This repository contains code for segmenting TB lesions in frontal chest X-rays, semantic segmentation.
The segmentation models are developed using UNet (with Resnet18 as encoder architecture initialized with 'imagenet' weights) , YOLOv8(m- Initialized with pretrained 'coco' weights) and nnUNet
Algorithmic details and performance evaluation are described in:
K. Kantipudi, V. Bui, H. Yu, Y.M.F. Lure, S. Jaeger, Z. Yaniv, "Semantic segmentation of TB in chest x-rays: a new dataset and generalization evaluation", Proc. SPIE 13407, Medical Imaging: Computer-Aided Diagnosis, 134073L, 2025. doi:10.1117/12.3047222.
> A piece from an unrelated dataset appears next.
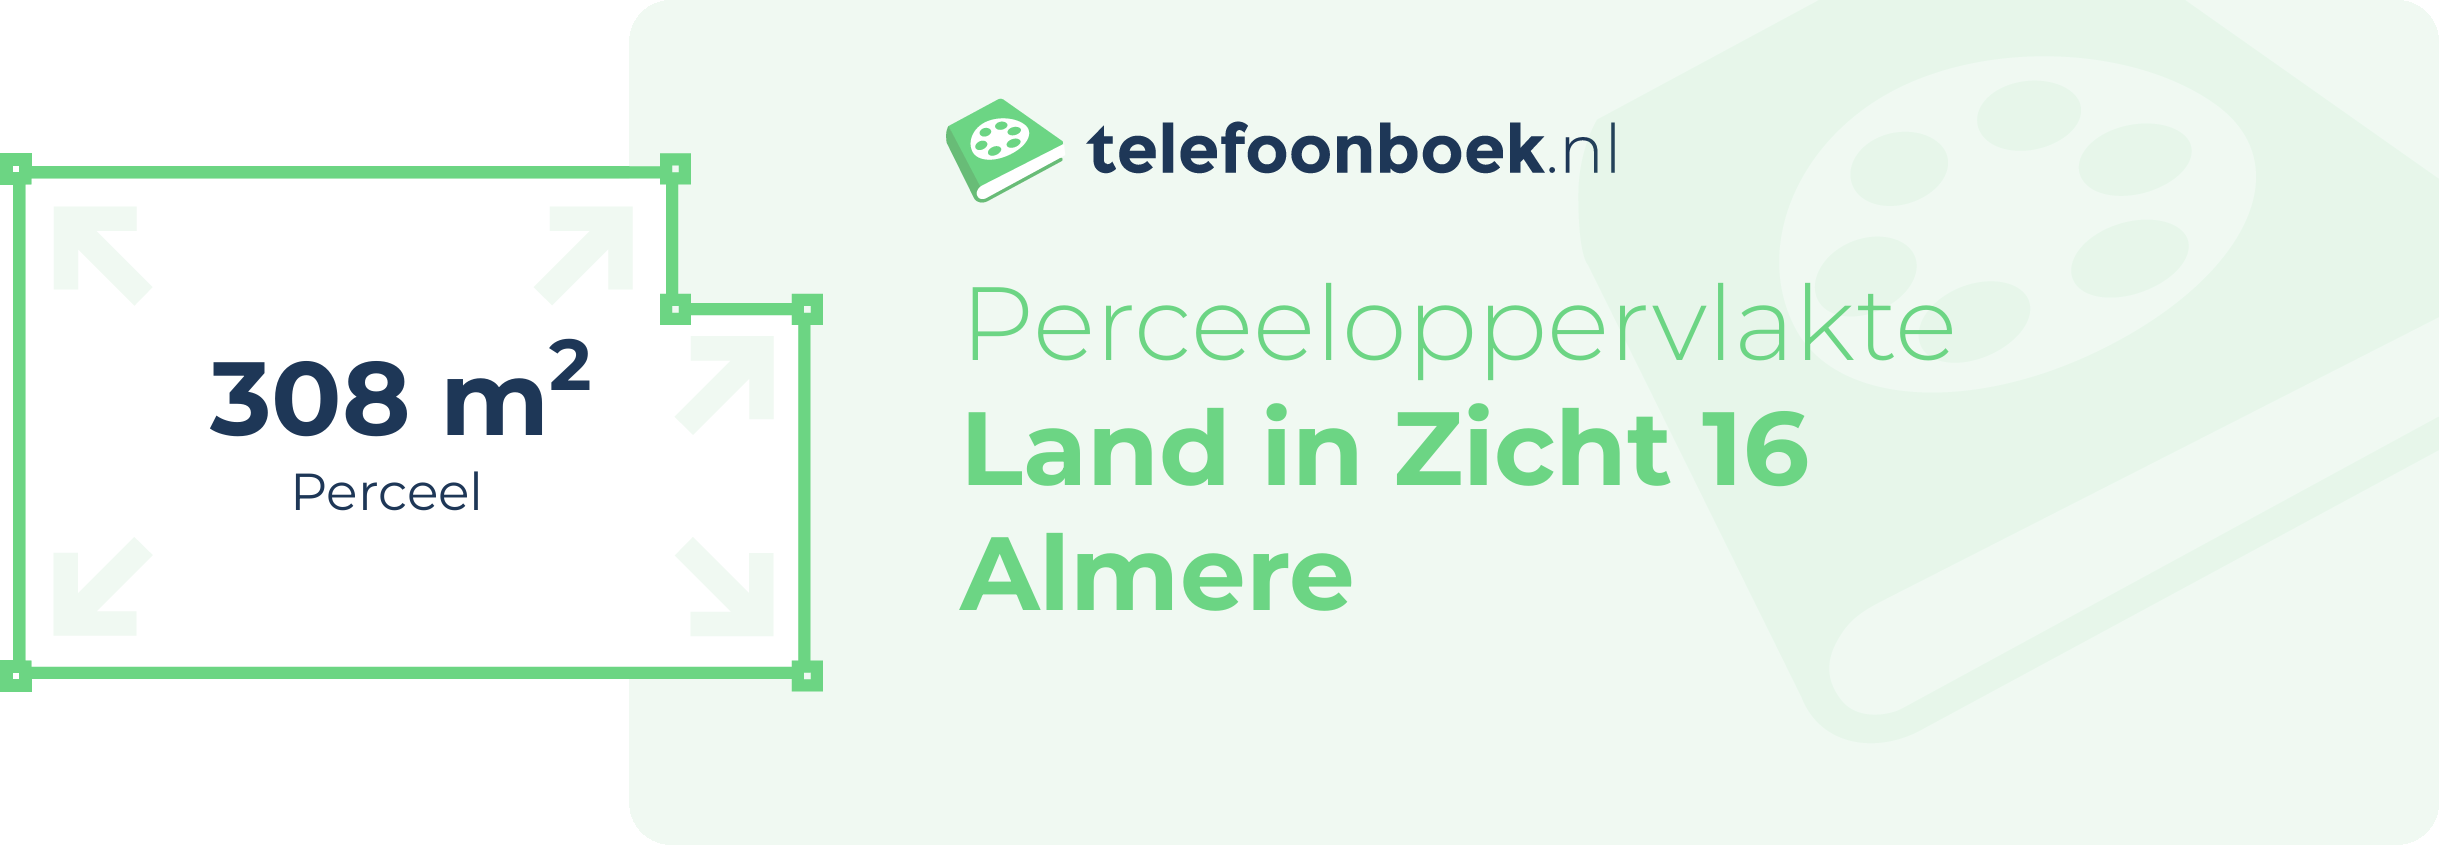 Perceeloppervlakte Land In Zicht 16 Almere

User needs to install a conda environment and run the below command line to install all the required frameworks. User also needs to install a git-lfs in their machine to downlaod the weight files from this repository.
conda env create -f environment.yml
To generate training and validation CSV files, run the below command. The command line prepares train/val CSV files for training the model to predict the TB lesions. The command line requires input csv files ('TB_Portals_labeled20231121.csv' -> Zhying's annotations file and 'TB_Portals_CXRs_August_2023.csv' -> TB portals csv file contaning the column 'cxr_outlier'' ) as some of the inputs. The command also requires input root CXR directory contaning tb portals images ,output directory to save the predicted segmented images. Lastly, it requires output_prefix_for_csv_filename to save the train,val and test filenames. User also needs to provide the abnormality list. Here the abnormality list used is ["Secondary Pulmonary Tuberculosis"] as input to prepare the labels for this abnormality.
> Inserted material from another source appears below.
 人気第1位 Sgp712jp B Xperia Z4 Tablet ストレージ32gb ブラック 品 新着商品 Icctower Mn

python -m segment_tb_cxr.data_preparation.data_prep TB_Portals_labeled20231121.csv TB_Portals_CXRs_August_2023.csv /data/bcbb/cxr_data/aspera/2023/August/GlobalBucket "tbseg" ["Secondary Pulmonary Tuberculosis"]
the above command line should generate a csv file called "tbseg.csv"
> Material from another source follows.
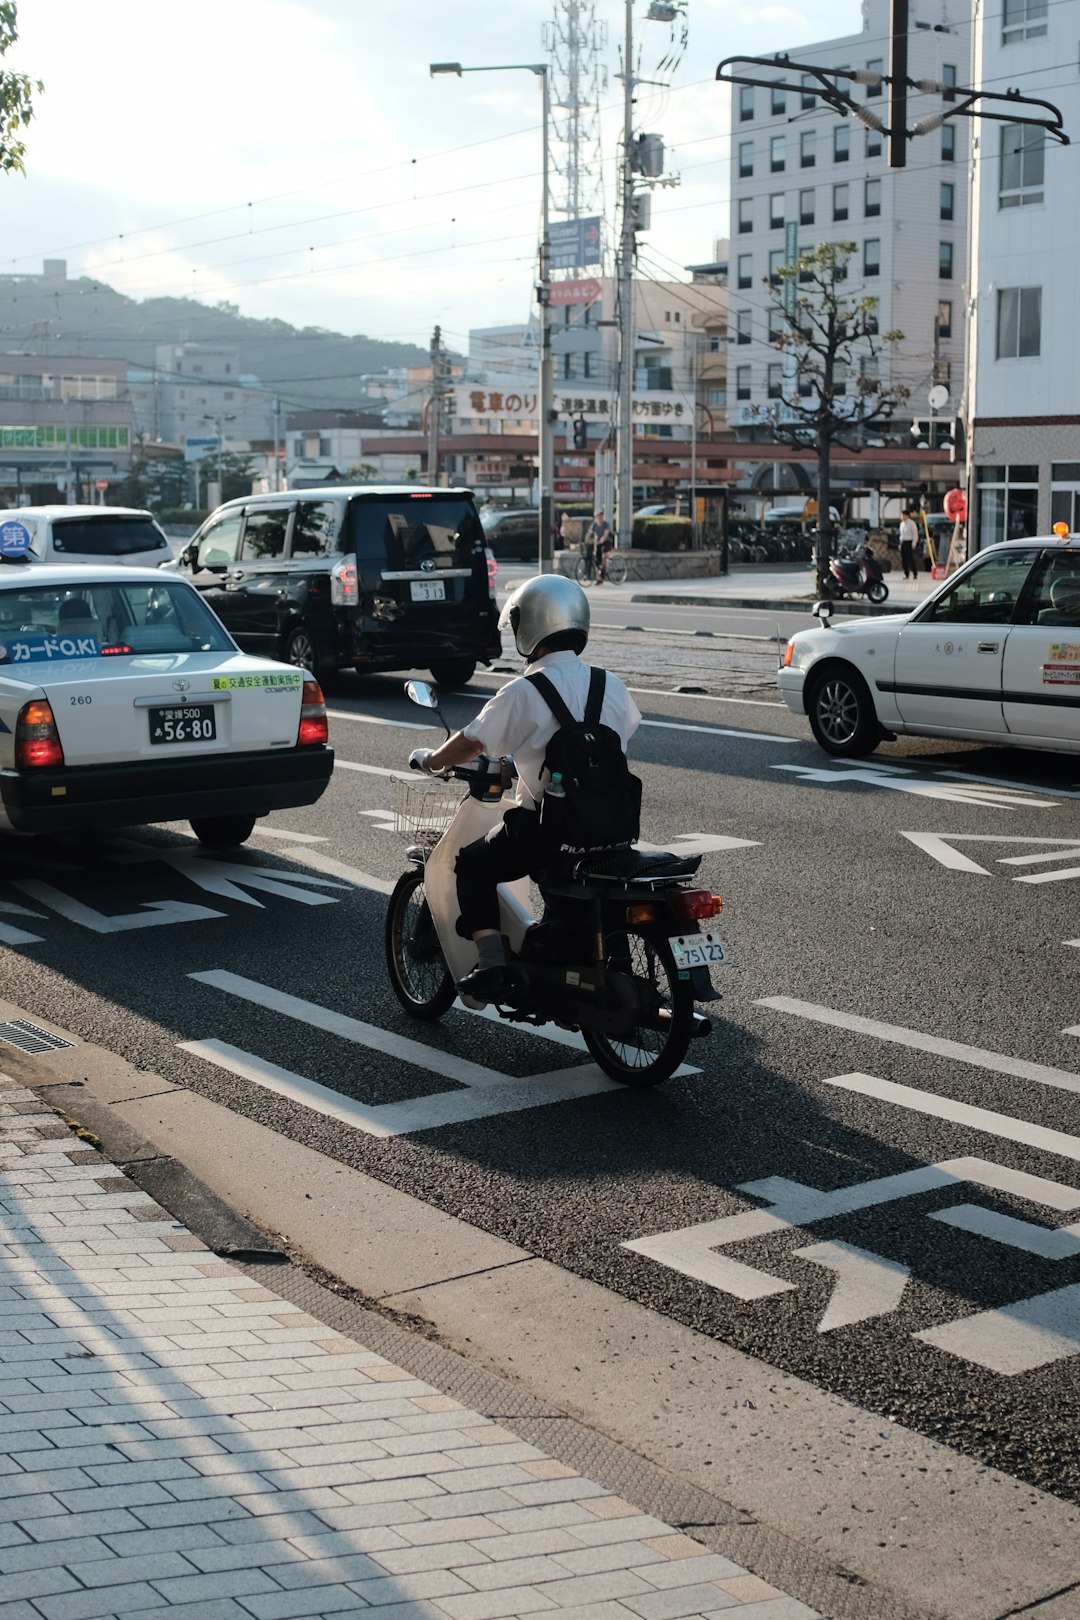 man in white shirt wearing helmet riding motorcycle

After running the above command line , user should then run the below command line to generate the train/val/test csv files which are then used to train the model.
python -m segment_tb_cxr.data_preparation.prepare_train_val_test_csvs tbseg.csv 5
After running the above command user will approximately see the number of files for train / val / test datasets :
'Train': 4429 'Val' : 949 'Test': 950
As this is a simple task to train user can give a fraction amount by which these images can be utilized.
python -m segment_tb_cxr.unet_resnet18.training.train_tb_segment segment_tb_cxr/unet_resnet18/training/unet_resnet18_params.json tbseg_train_fold_0.csv tbseg_val_fold_0.csv tbseg --plot_images_for_debugging False
To run the inference results from the model, user can run the below command.
Please first make sure to install the environment using requirements.txt file .
python -m segment_tb_cxr.unet_resnet18.inference.inference_tb_segment segment_tb_cxr/sample.csv segment_tb_cxr/unet_resnet18/weights/customunet.pt segment_tb_cxr/sample_seg segment_tb_cxr/unet_resnet18/training/unet_resnet18_params.json segment_tb_cxr/sample_preds.csv
The command line above can then be used to segment the tb labels from the input CSV file (with column name 'filename'), pretrained TB lesion segmentation model by custom unet. User needs to provide an output directory to save the segmented images, output prediction CSV file name at the end of the argument to save the prediction file names along with input CXR. The output CSV file will contain values containing columns "filename" and "customunet_pred_tb_seg_file" indicating the input filenames and predicted tb segmentation file in th output directory respectively.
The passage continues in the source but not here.